# Find the derivative of inverse of this function

1. May 27, 2013

### utkarshakash

1. The problem statement, all variables and given/known data
Let f be a real valued differentiable function defined in (-1,1). If f(0)=2 and $f'(x)=f(x)+e^x(\sqrt{x^4+1})$ , then find $\frac{df^{-1}(x)}{dx}$ at x=2.

2. Relevant equations

3. The attempt at a solution
$\frac{dy}{dx}=y+e^x \sqrt{x^4+1} \\ dy=(y+e^x \sqrt{x^4+1})dx$

Integrating both sides
$y=xy+\int (e^x\sqrt{x^4+1})dx$

I don't know the integration ahead.

2. May 27, 2013

### Curious3141

You can't separate variables like that. Your solution of the d.e. is wrong.

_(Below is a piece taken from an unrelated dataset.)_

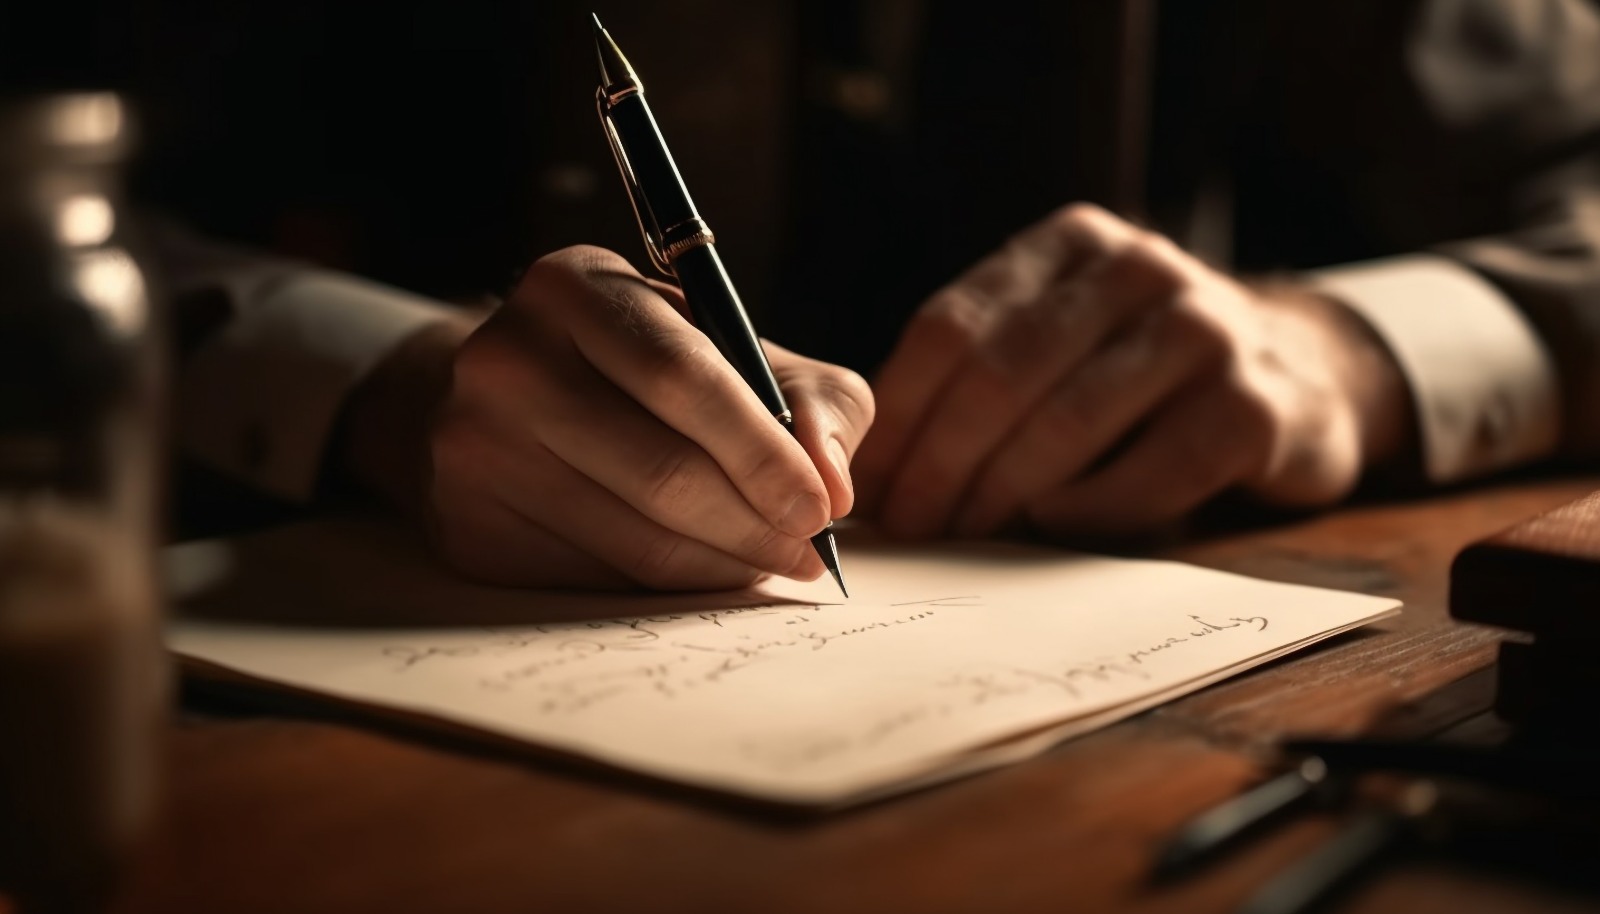 Uma pessoa assinando um Contrato de Administração de Imóveis, iluminada por uma luz suave que destaca a mão segurando a caneta e o texto no papel.

But in any case, you don't need to solve that d.e. Do you know how to find the derivative of an inverse function at a given point without actually finding the inverse explicitly?

You might want to take a look at an earlier post of mine: https://www.physicsforums.com/showpost.php?p=4296589&postcount=9

3. May 27, 2013

### utkarshakash

OK. I followed your method and got the answer as 1/3. Is this correct?

4. May 28, 2013

Correct.